[Math] Why are the eigenvalues of a covariance matrix equal to the variance of its eigenvectors

covarianceeigenvalues-eigenvectorslinear algebramachine learningvariance

This assertion came up in a Deep Learning course I am taking. I understand intuitively that the eigenvector with the largest eigenvalue will be the direction in which the most variance occurs. I understand why we use the covariance matrix's eigenvectors for Principal Component Analysis.

However, I do not get why the eigenvectors' variance are equal to their respective eigenvalues. I would prefer a formal proof, but an intuitive explanation may be acceptable.

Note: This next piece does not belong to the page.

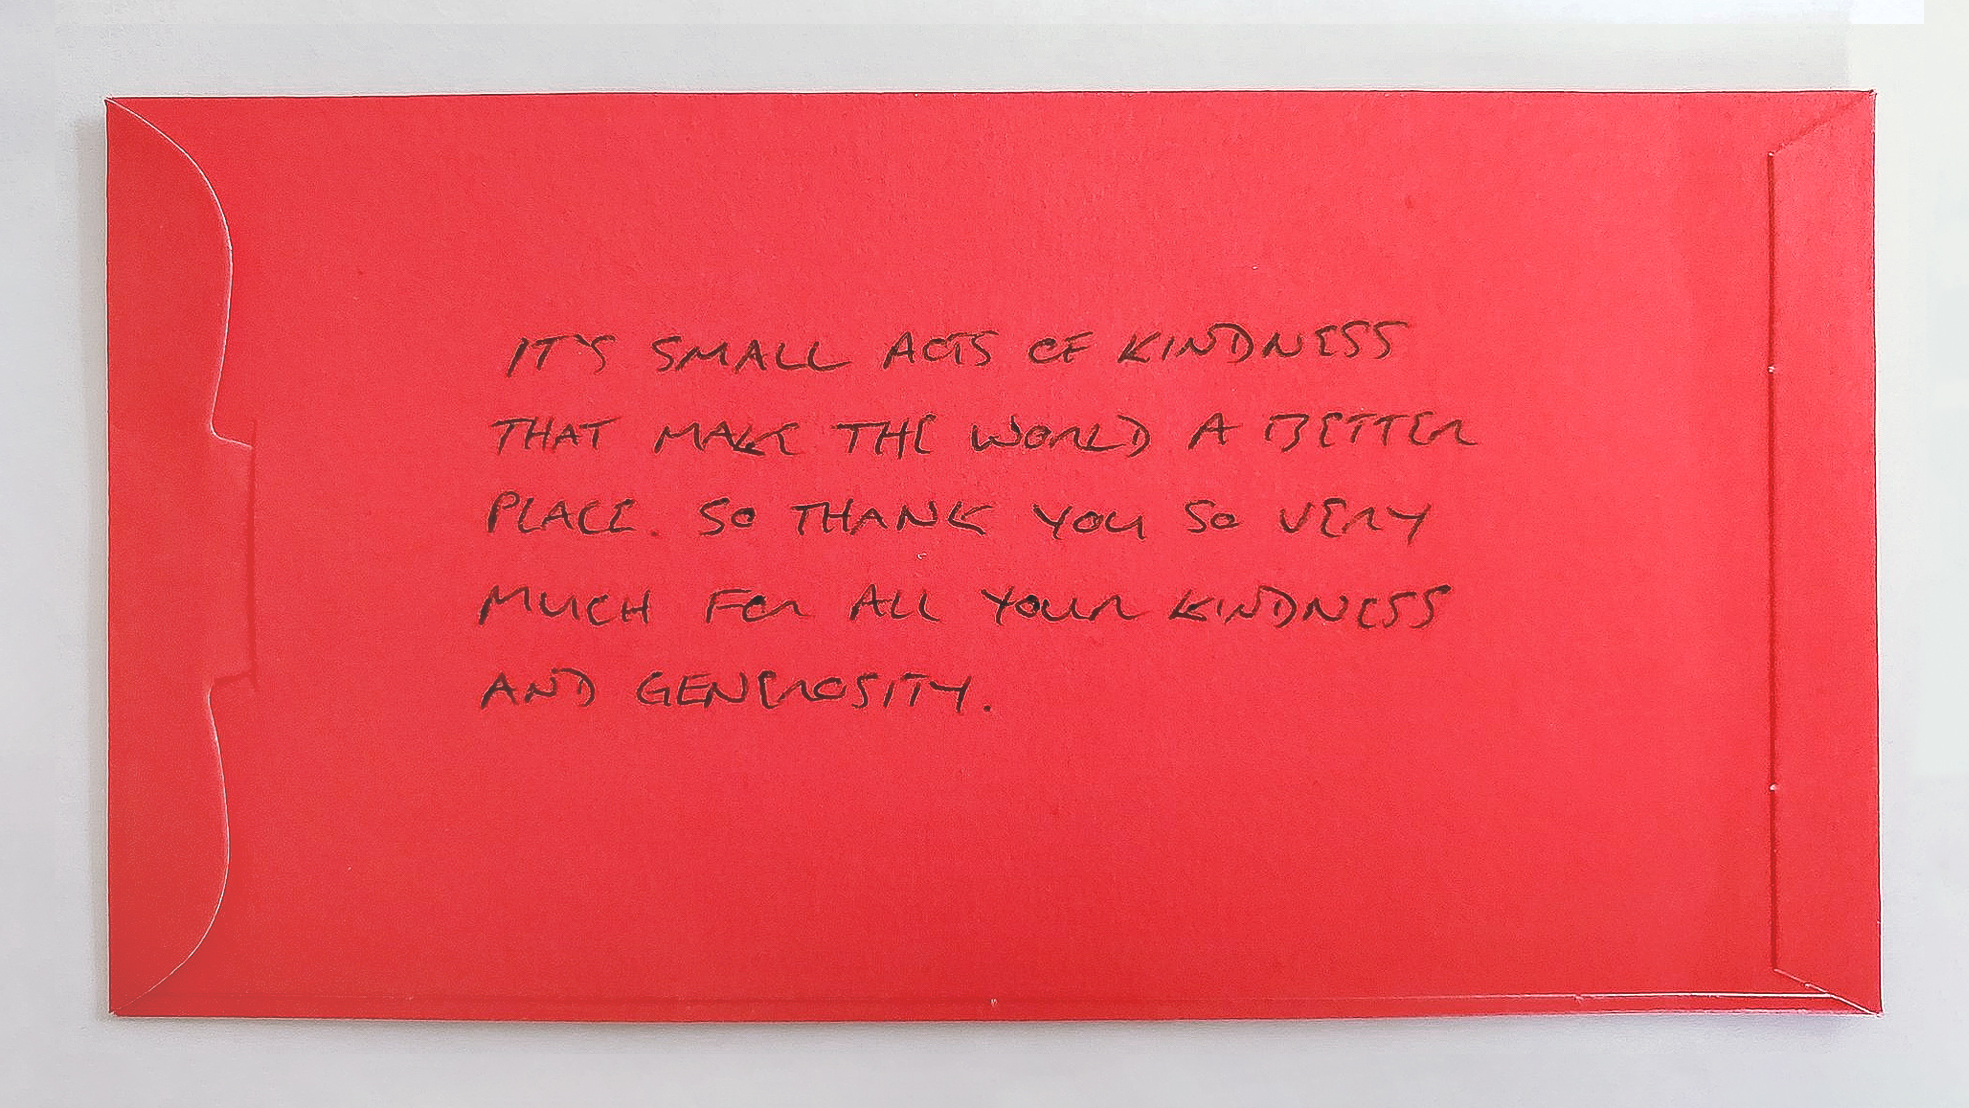 A red, thank you note that says: "It's small acts of kindness that makes the world a better place. So thank you so very much for all your kindness and generosity."

(Note: this is not a duplicate of this question.)

Best Answer

Here's a formal proof: suppose that $v$ denotes a length-$1$ eigenvector of the covariance matrix, which is defined by $$ \Sigma = \Bbb E[XX^T] $$ Where $X = (X_1,X_2,\dots,X_n)$ is a column-vector of random variables with mean zero (which is to say that we've already absorbed the mean into the variable's definition). So, we have $\Sigma v = \lambda v$ (for some $\lambda \geq 0$), and $v^Tv = 1$.

Now, what do we really mean by "the variance of $v$"? $v$ is not a random variable. Really, what we mean is the variance of the associated component of $X$. That is, we're asking about the variance of $v^TX$ (the dot product of $X$ with $v$). Note that, since the $X_i$s have mean zero, so does $v^TX$. We then find $$ \Bbb E([v^TX]^2) = \Bbb E([v^TX][X^Tv]) = \Bbb E[v^T(XX^T)v] = v^T\Bbb E(XX^T) v \\ = v^T\Sigma v = v^T\lambda v = \lambda(v^Tv) = \lambda $$ and this is what we wanted to show.